AUTHOR=Wang Siyang , Wu Dasheng , Zheng Xinyu TITLE=TBC-YOLOv7: a refined YOLOv7-based algorithm for tea bud grading detection JOURNAL=Frontiers in Plant Science VOLUME=14 YEAR=2023 URL=https://www.frontiersin.org/journals/plant-science/articles/10.3389/fpls.2023.1223410 DOI=10.3389/fpls.2023.1223410 ISSN=1664-462X ABSTRACT=Introduction

Accurate grading identification of tea buds is a prerequisite for automated tea-picking based on machine vision system. However, current target detection algorithms face challenges in detecting tea bud grades in complex backgrounds. In this paper, an improved YOLOv7 tea bud grading detection algorithm TBC-YOLOv7 is proposed.

Methods

The TBC-YOLOv7 algorithm incorporates the transformer architecture design in the natural language processing field, integrating the transformer module based on the contextual information in the feature map into the YOLOv7 algorithm, thereby facilitating self-attention learning and enhancing the connection of global feature information. To fuse feature information at different scales, the TBC-YOLOv7 algorithm employs a bidirectional feature pyramid network.
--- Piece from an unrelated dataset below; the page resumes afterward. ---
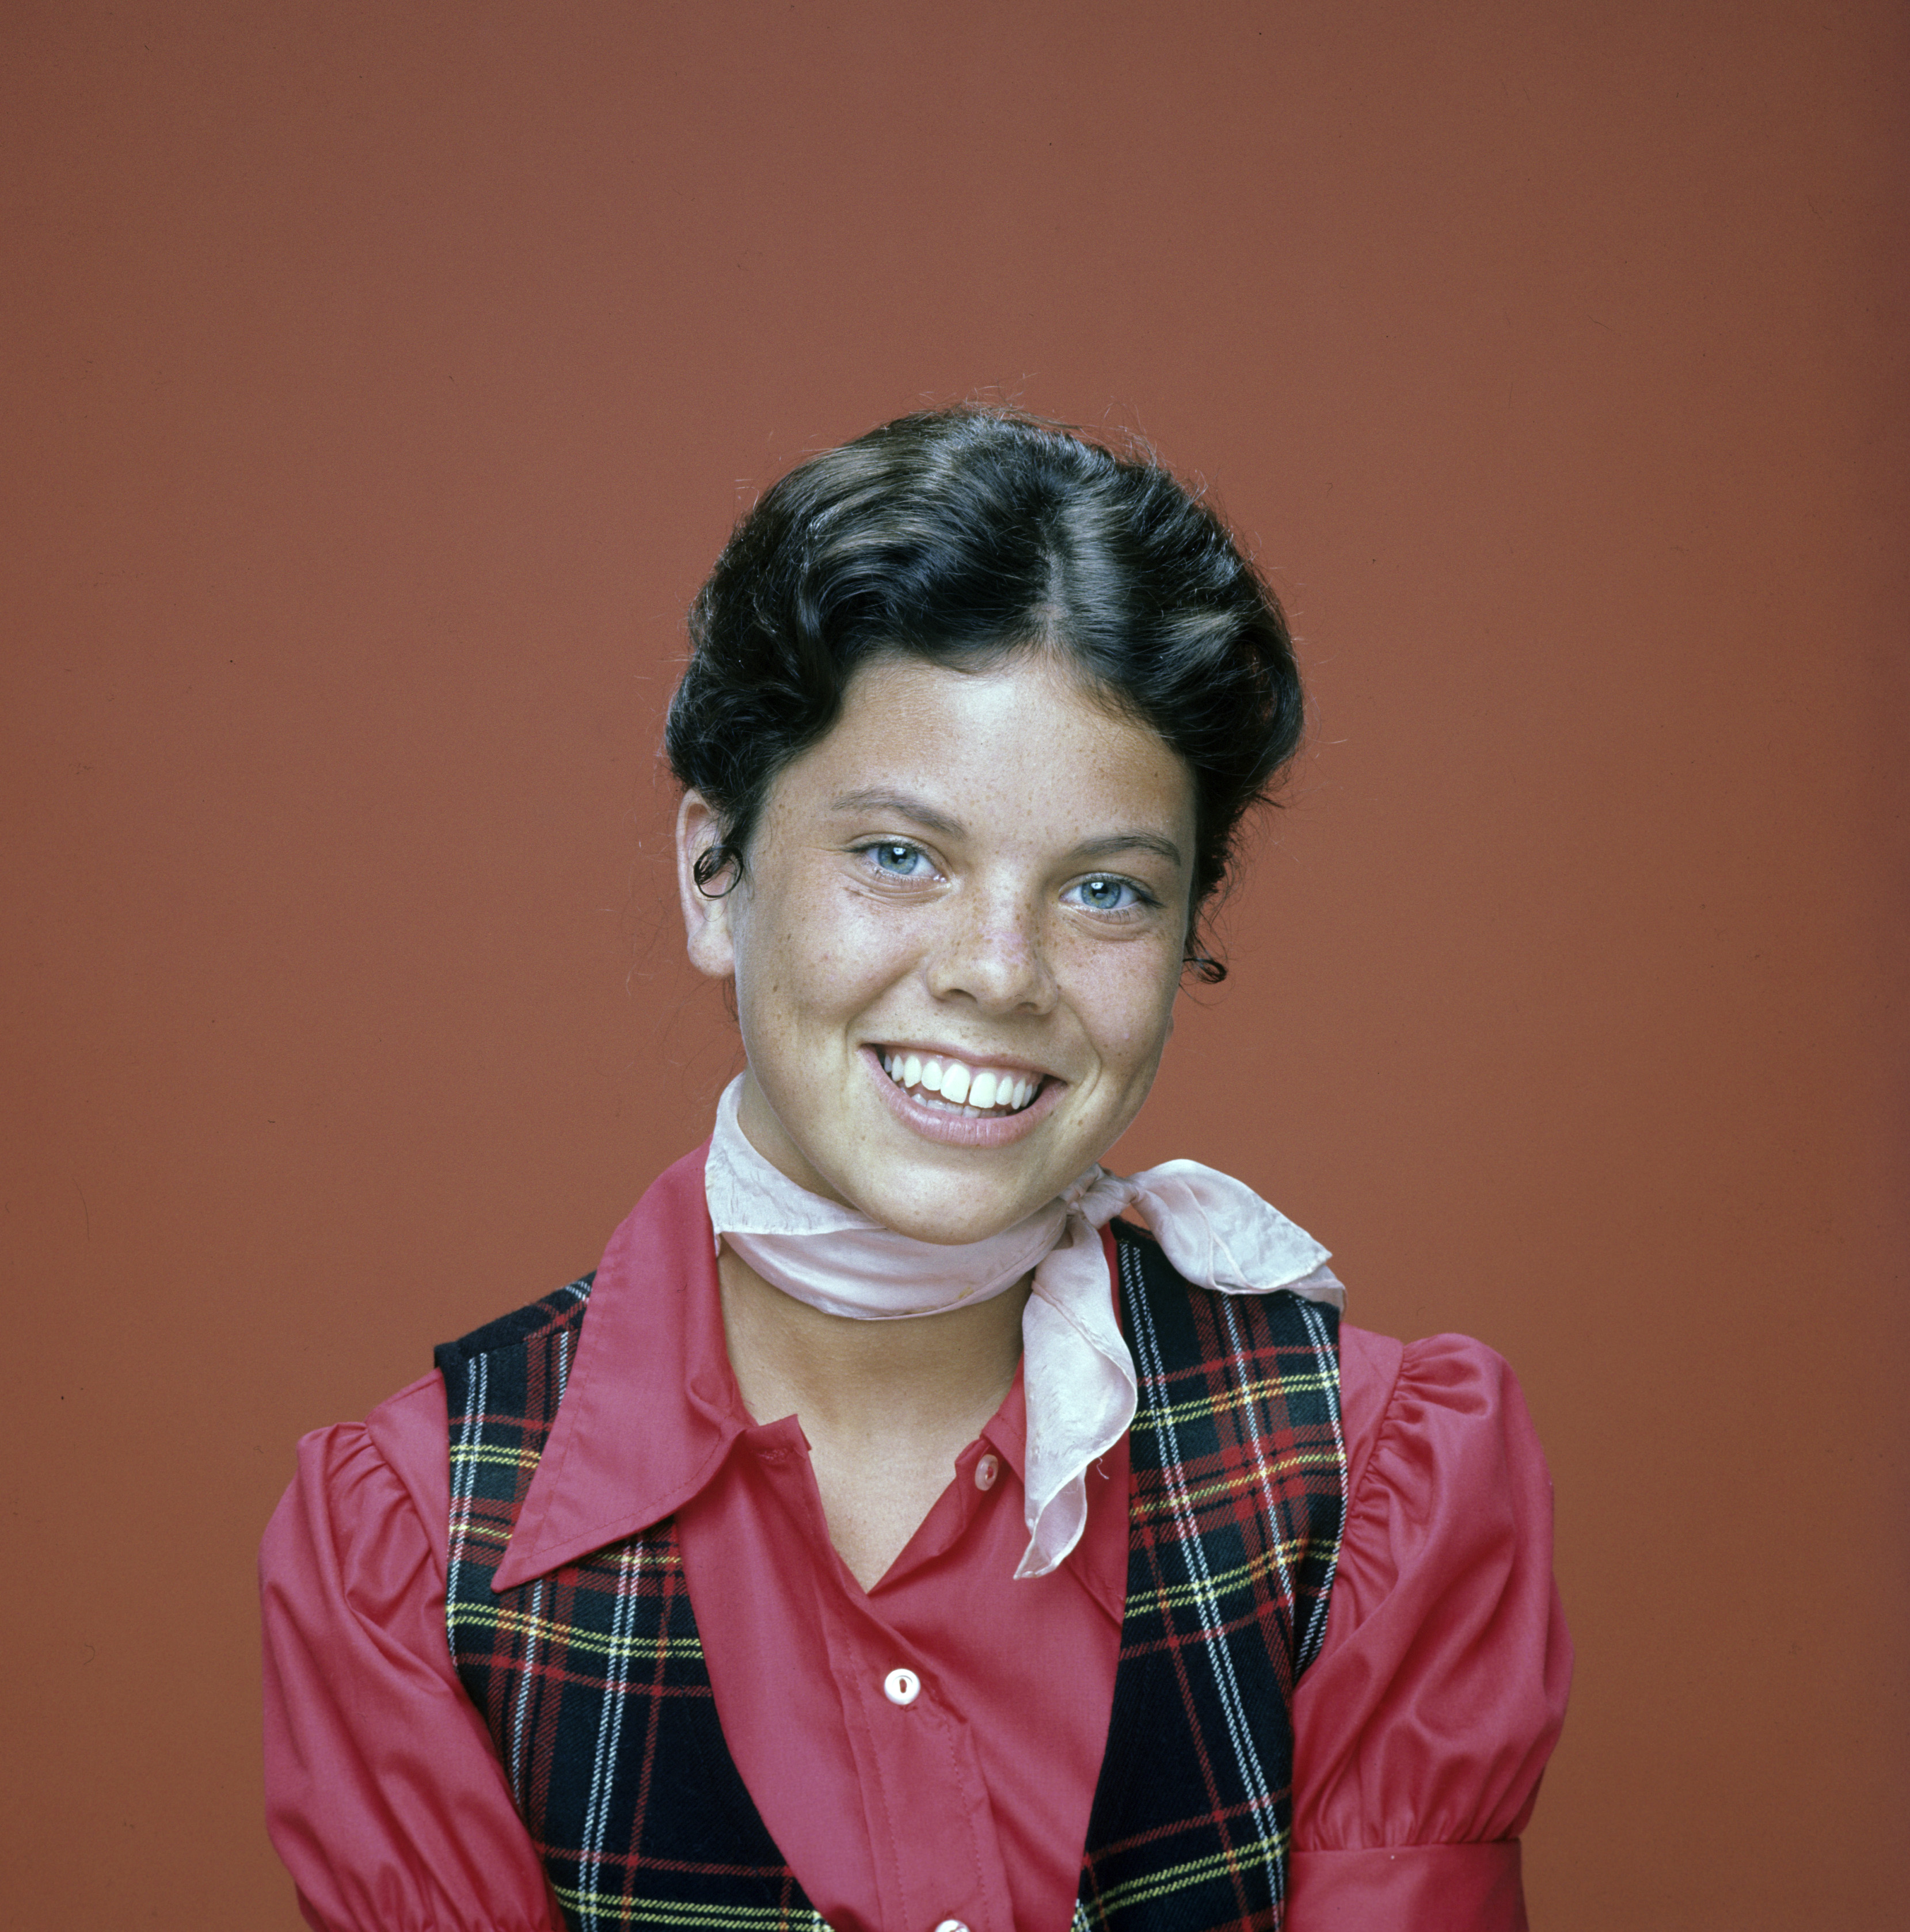 Actress Erin Moran on the set of "Happy Days" on October 7, 1975 | Source: Getty Images
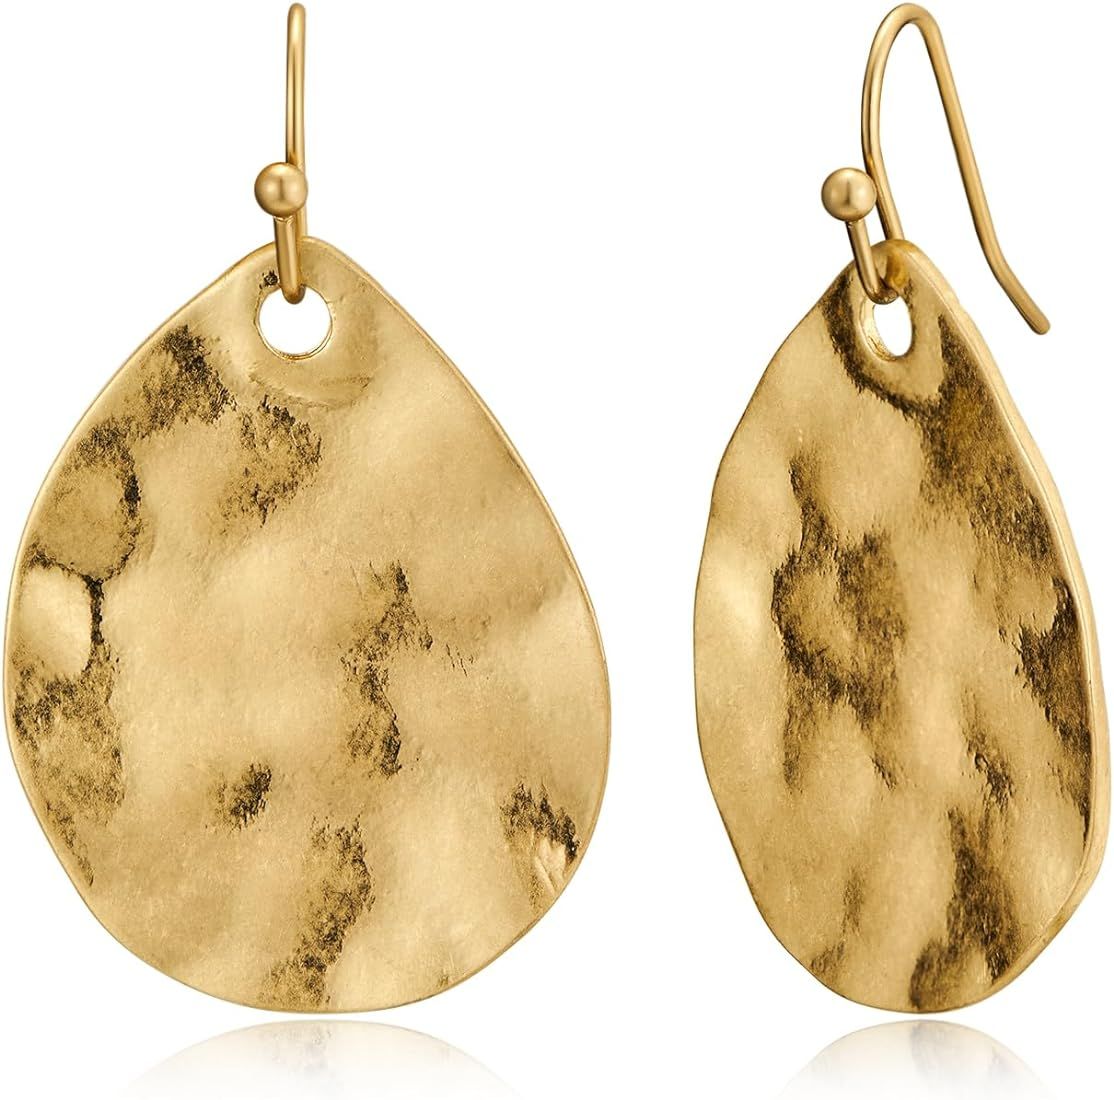 INNERDIVA Antique Gold Hammered Disc Drop Earrings Boho Earrings with Two Tone Jewelry Gift | Amazon (US)

In addition, coordinate attention is embedded into the critical positions of the network to suppress useless background details while paying more attention to the prominent features of tea buds. The SIOU loss function is applied as the bounding box loss function to improve the convergence speed of the network.

Result

The results of the experiments indicate that the TBC-YOLOv7 is effective in all grades of samples in the test set. Specifically, the model achieves a precision of 88.2% and 86.9%, with corresponding recall of 81% and 75.9%. The mean average precision of the model reaches 87.5%, 3.4% higher than the original YOLOv7, with average precision values of up to 90% for one bud with one leaf. Furthermore, the F1 score reaches 0.83. The model’s performance outperforms the YOLOv7 model in terms of the number of parameters. Finally, the results of the model detection exhibit a high degree of correlation with the actual manual annotation results ( R2 =0.89), with the root mean square error of 1.54.

Discussion

The TBC-YOLOv7 model proposed in this paper exhibits superior performance in vision recognition, indicating that the improved YOLOv7 model fused with transformer-style module can achieve higher grading accuracy on densely growing tea buds, thereby enables the grade detection of tea buds in practical scenarios, providing solution and technical support for automated collection of tea buds and the judging of grades.